Is WordPress Secure?

WordPress is undeniably and by far the most popular CMS on the planet. Powering 31%of the internet and has a 59% Market Share among other CMS’s, security is always a concern, especially for websites utilizing a shopping cart on the platform. Among every other CMS, WordPress is the most attacked and the most hacked, surprised? This fact, however, does not imply that WordPress is less secure than any other CMS, it is not!

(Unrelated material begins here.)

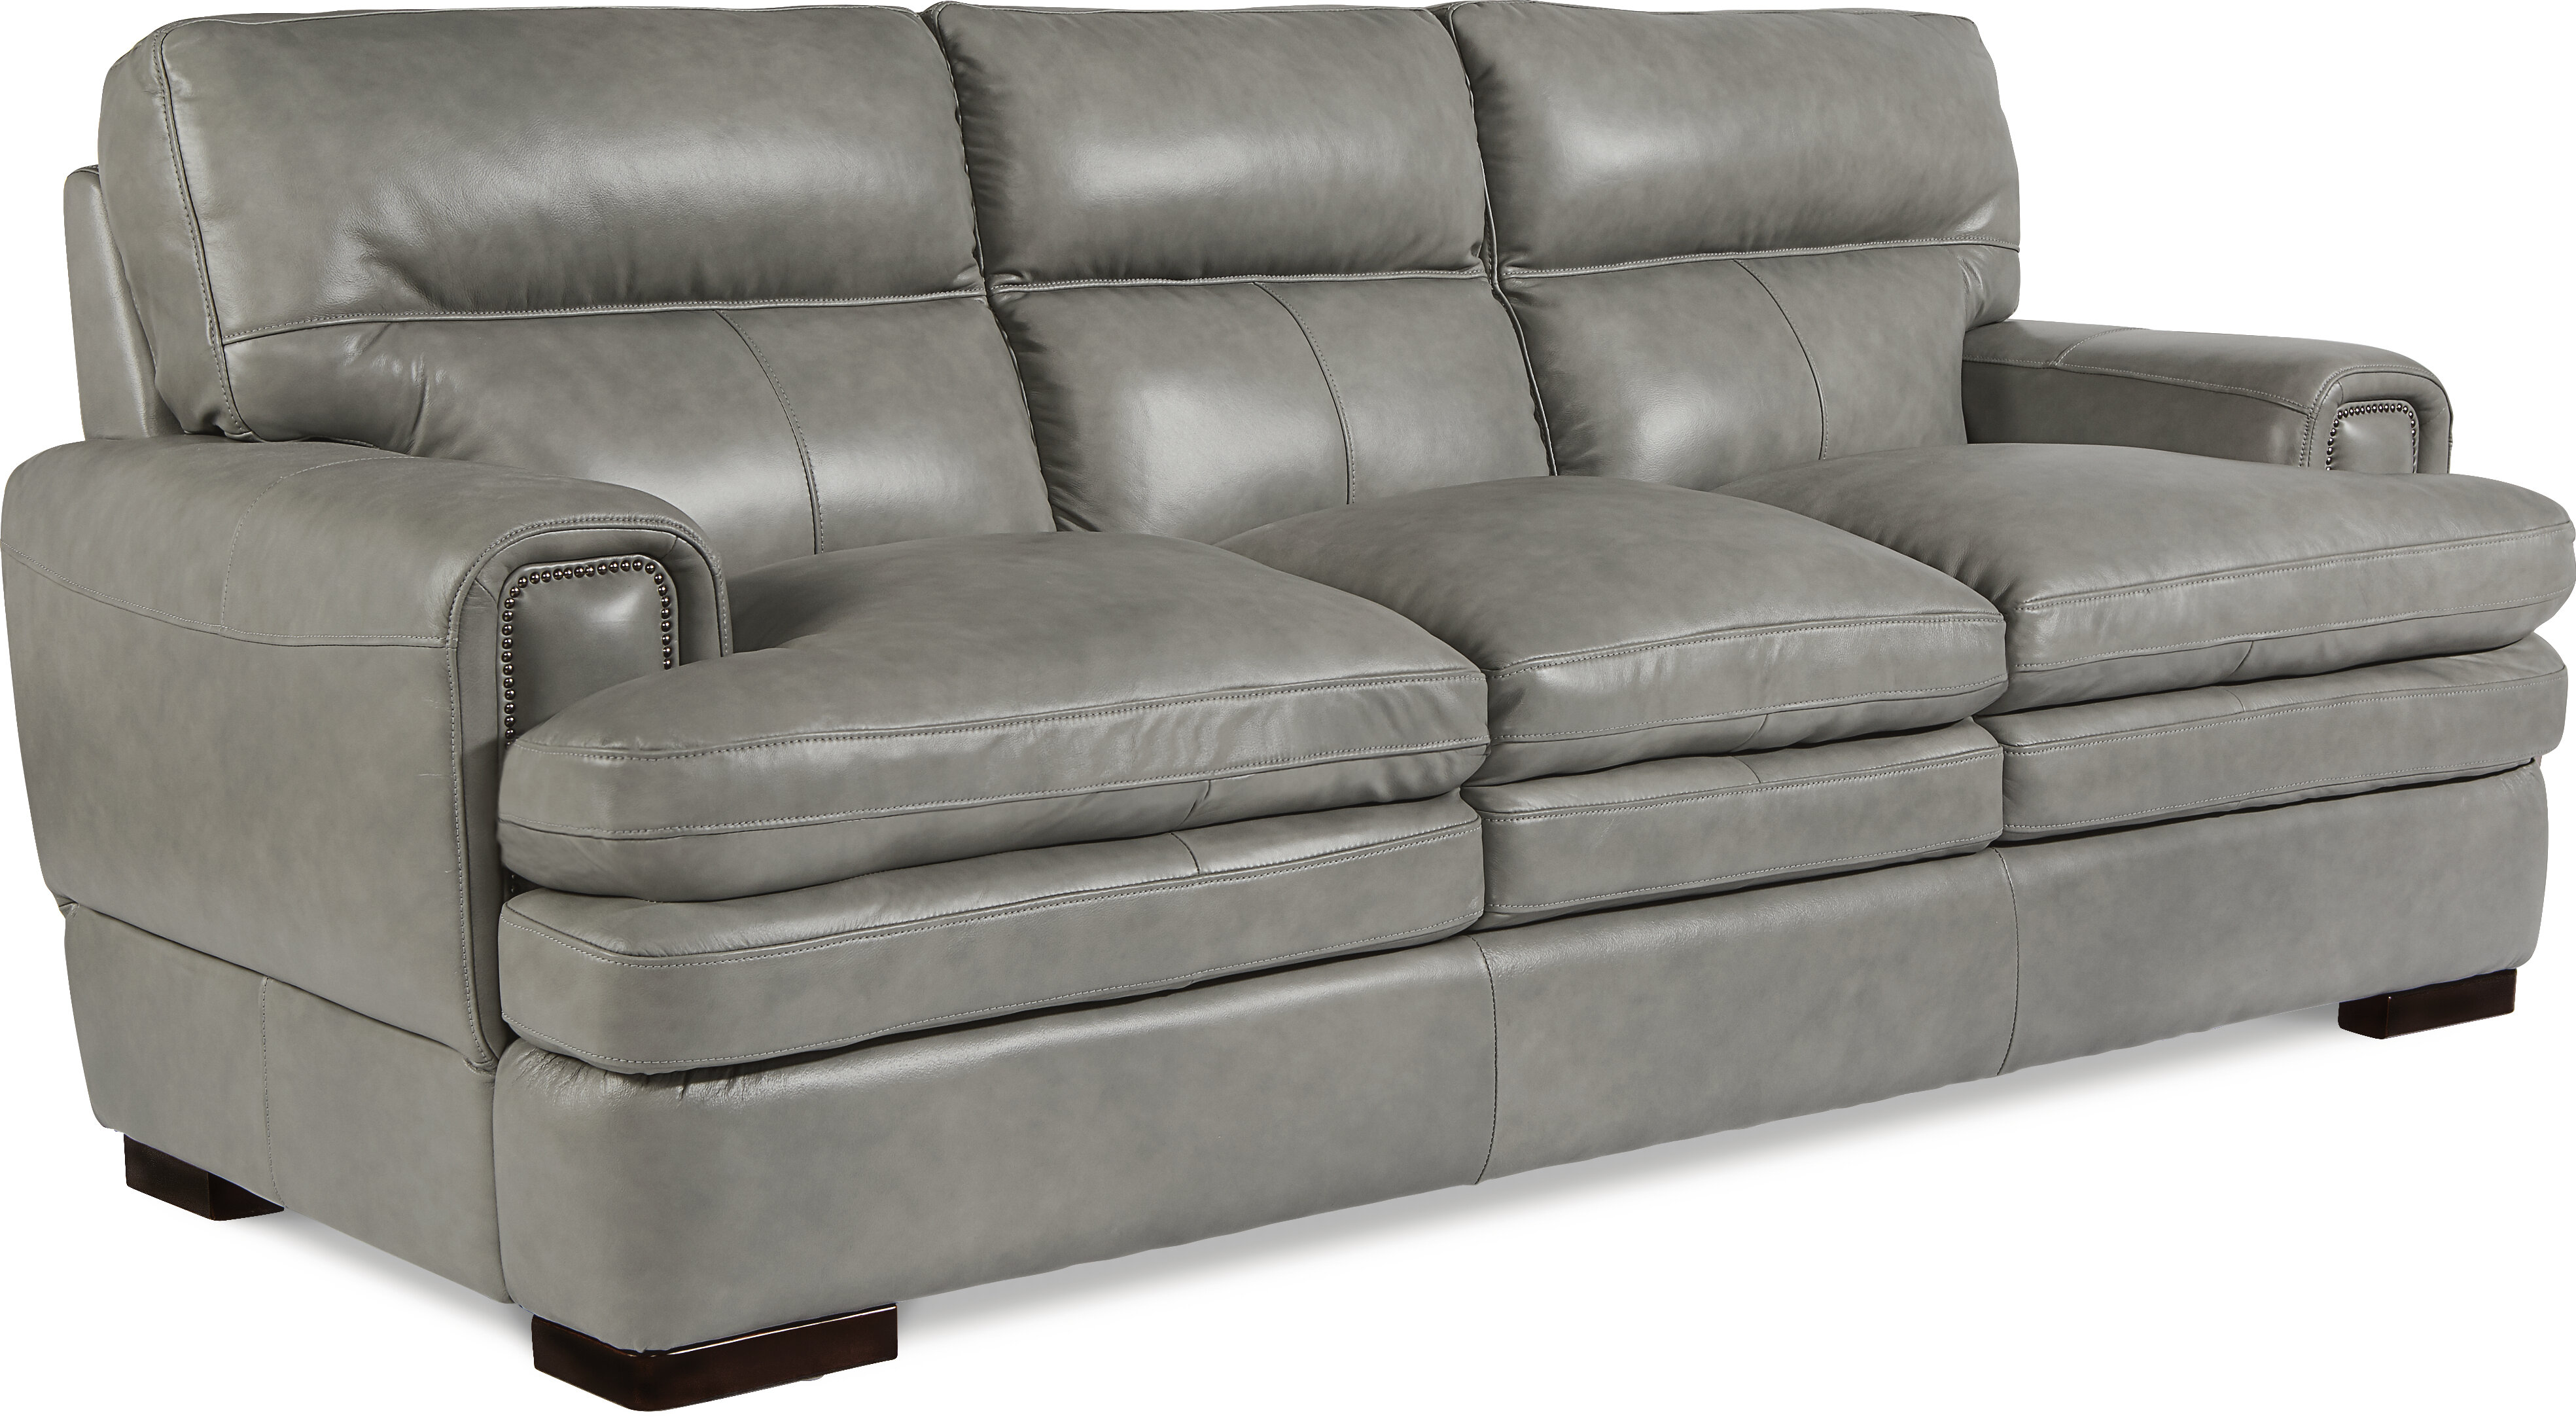 la z boy jake leather sofa reviews wayfair rh wayfair com lazboy sofa power cord lazy boy sofa recliner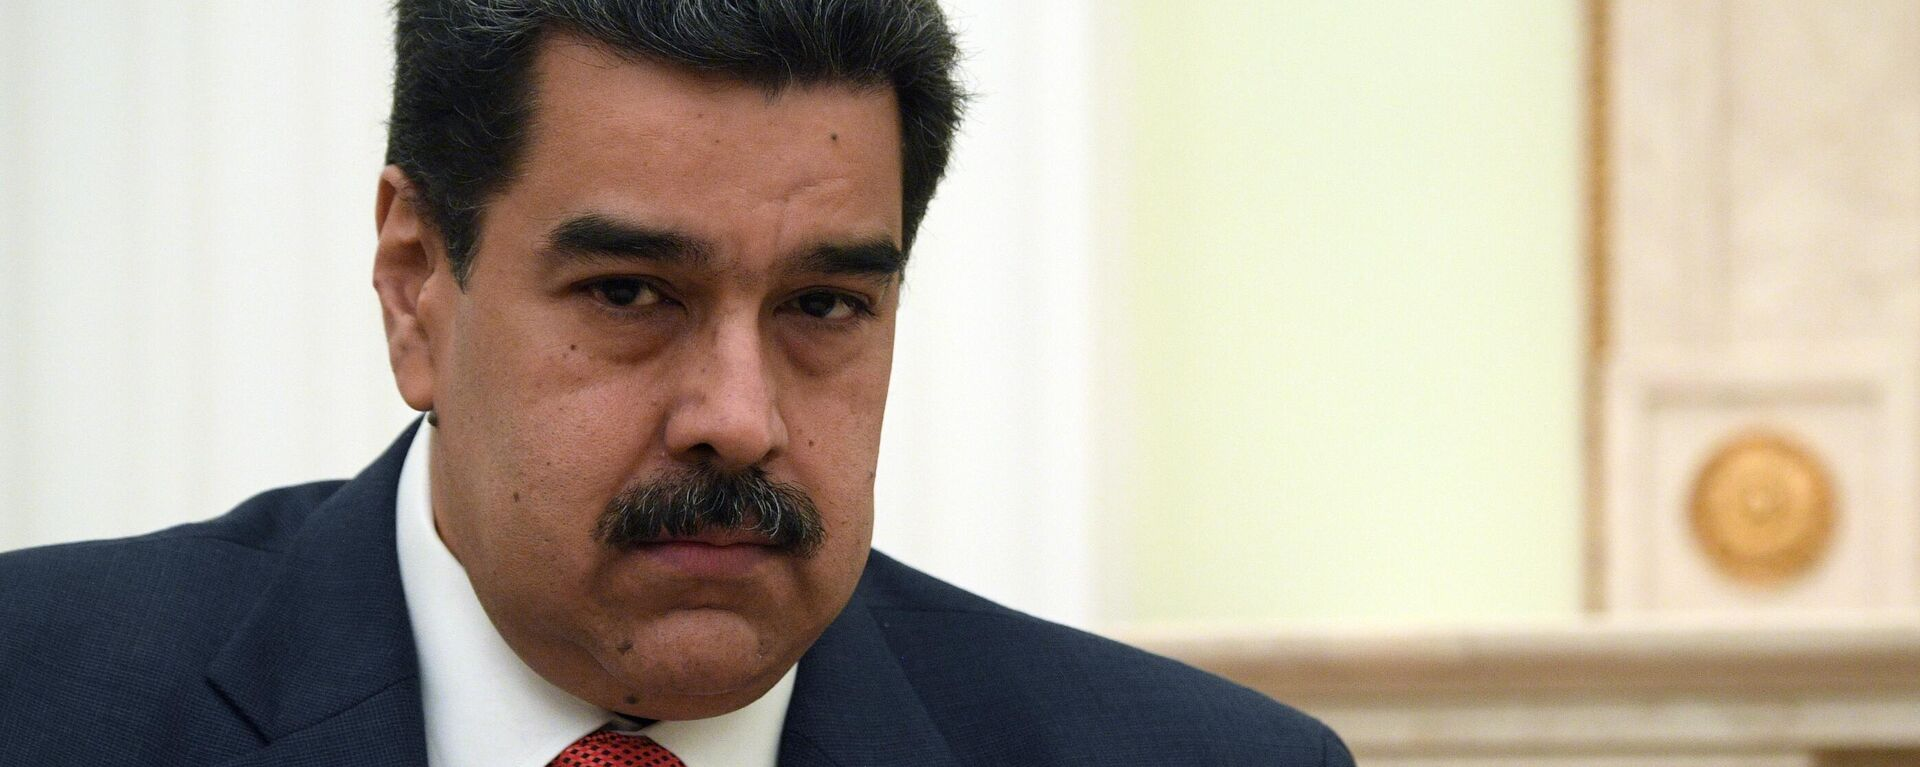 Venezuelas Präsident Nicolás Maduro (Archivfoto) - SNA, 1920, 13.07.2021

With WordPress being the most popular CMS, it has a bigger target on its back, major companies use the software and there are a lot of bad people looking to gain from the vulnerabilities that theme and plugin developers fail to patch.

WordPress at its core is really secure in its latest and stable version. Which makes you wonder, if WordPress is secure then how does it get hacked? According to data analysis from Sucuri 39% of all WordPress, hacks happens on an outdated installation. Another interesting part of their analysis reported that 71% of hacks were done through backdoors. This is not a result of the core WordPress but as a result of themes and plugins not properly maintained or obtained from non-reputable sources, usually ‘nulled’ software.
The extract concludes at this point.